Therefore, an approach that performs segmentation that
automatically resolves overlapping ambiguity strings in an accurate
and efficient manner would have significant utility for Chinese as
well as other unsegmented languages.
SUMMARY OF THE INVENTION
[0010] A method for resolving overlapping ambiguity strings in
unsegmented languages such as Chinese. The methodology includes
segmenting sentences into two possible segmentations and
recognizing overlapping ambiguity strings in the sentences. One of
the two possible segmentations is selected as a function of
probability information. The probability information is derived
from unsupervised training data. A method of constructing a
knowledge base containing probability information needed to select
one of the segmentation is also provided.
BRIEF DESCRIPTION OF THE DRAWINGS
[0011] FIG. 1 is a block diagram of one computing environment in
which the present invention may be practiced.
[0012] FIG. 2 is a block diagram of an alternative computing
environment in which the present invention may be practiced.
[0013] FIG. 3 is an overview flow diagram illustrating two aspects
of the present invention.
[0014] FIG. 4 is a block diagram of a system for augmenting a
lexical knowledge base.
[0015] FIG. 5 is a block diagram of a system for performing word
segmentation.
[0016] FIG. 6 is a flow diagram illustrating augmentation of the
lexical knowledge base.
[0017] FIG. 7 is a flow diagram illustrating word segmentation.
[0018] FIG. 8 is a pictorial representation of a classifier
ensemble.
DETAILED DESCRIPTION OF ILLUSTRATIVE EMBODIMENTS
[0019] One aspect of the present invention provides a hybrid method
(both rule-based and statistical) for resolving overlapping
ambiguities in word segmentation. The present invention is
relatively economical because trained linguists are not needed to
formulate segmentation rules are not needed. Further, the present
invention utilizes unsupervised training so human resources spent
developing a large manually labeled training set are
unnecessary.
[0020] Before addressing further aspects of the present invention,
it may be helpful to describe generally computing devices that can
be used for practicing the invention. Referring to FIG. 1,
illustrates an example of a suitable computing system environment
100 on which the invention may be implemented. The computing system
environment 100 is only one example of a suitable computing
environment and is not intended to suggest any limitation as to the
scope of use or functionality of the invention. Neither should the
computing environment 100 be interpreted as having any dependency
or requirement relating to any one or combination of components
illustrated in the exemplary operating environment 100.
[0021] The invention is operational with numerous other general
purpose or special purpose computing system environments or
configurations.
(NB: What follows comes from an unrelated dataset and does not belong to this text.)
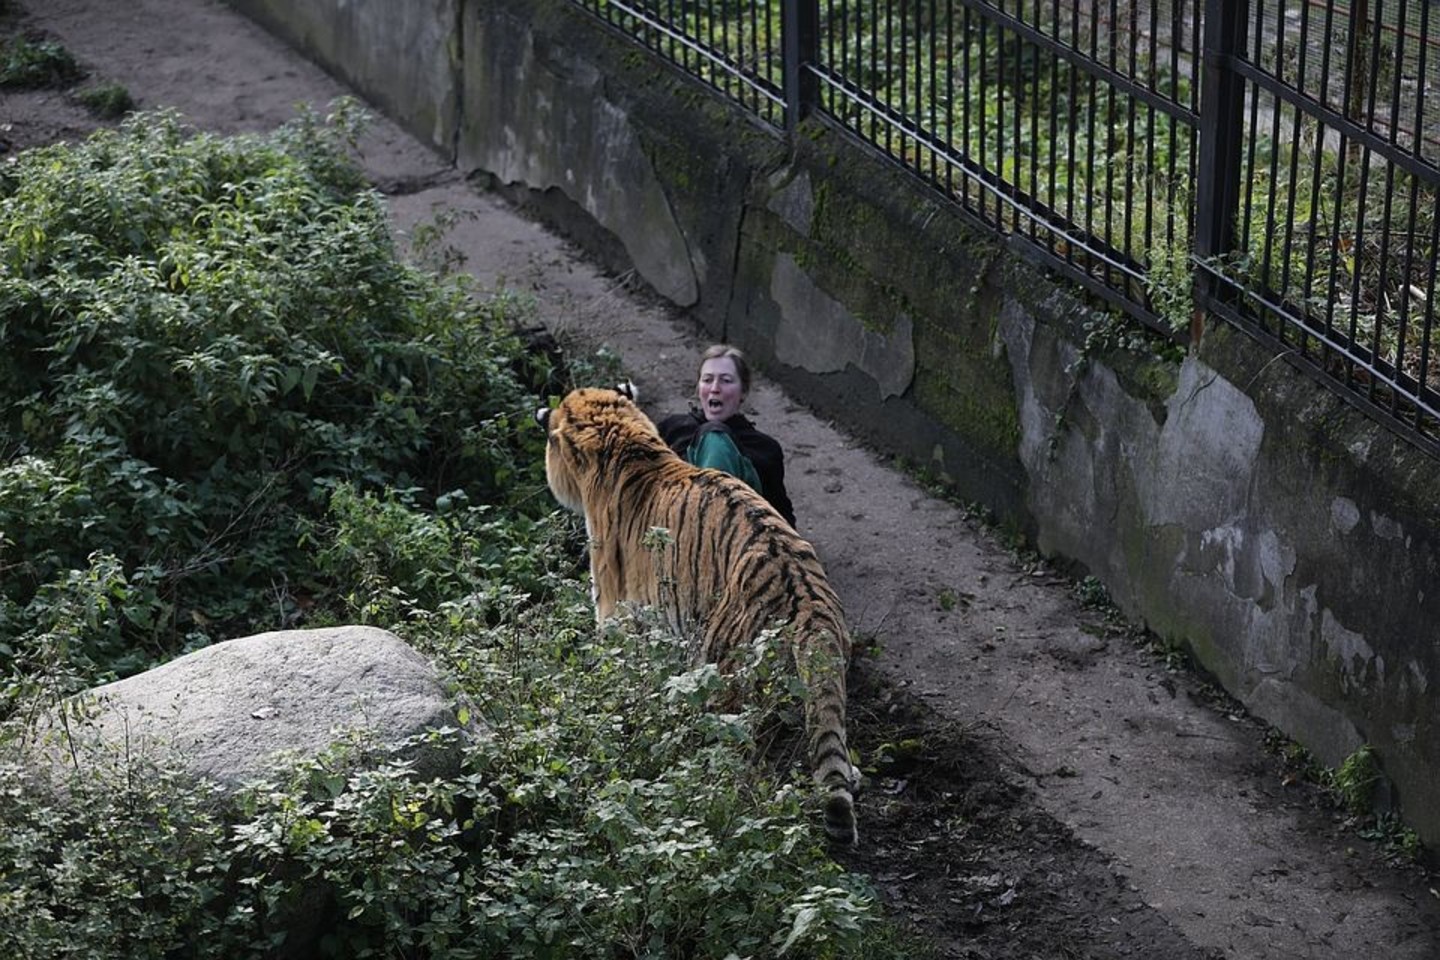  Tigro užpultai zoologijos sodo darbuotojai pavyko išsigelbėti tik lankytojų dėka. <br> vk.com nuotr. 

Examples of well-known computing systems,
environments, and/or configurations that may be suitable for use
with the invention include, but are not limited to, personal
computers, server computers, hand-held or laptop devices,
multiprocessor systems, microprocessor-based systems, set top
boxes, programmable consumer electronics, network PCS,
minicomputers, mainframe computers, telephone systems, distributed
computing environments that include any of the above systems or
devices, and the like.
[0022] The invention may be described in the general context of
computer-executable instructions, such as program modules, being
executed by a computer. Generally, program modules include
routines, programs, objects, components, data structure, etc. that
perform particular tasks or implement particular abstract data
types. Tasks performed by the programs and modules are described
below and with the aid of figures. Those skilled in the art can
implement the description and/or figures herein as
computer-executable instructions, which can be embodied on any form
of computer readable media discussed below.
[0023] The invention may also be practiced in distributed computing
environments where tasks are performed by remote processing devices
that are linked through a communications network. In a distributed
computing environment, program modules may be located in both local
and remote computer storage media including memory storage
devices.
[0024] With reference to FIG. 1, an exemplary system for
implementing the invention includes a general-purpose computing
device in the form of a computer 110. Components of computer 110
may include, but are not limited to, a processing unit 120, an
system memory 130, and a system bus 121 that couples various system
components including the system memory to the processing unit 120.
the system bus 121 may be any of several types of bus structures
including a memory bus or memory controller, a peripheral bus, and
a local bus using any of a variety of bus architectures. By way of
example, and not limitation, such architectures include Industry
Standard Architecture (ISA) bus, Micro Channel Architecture (MCA)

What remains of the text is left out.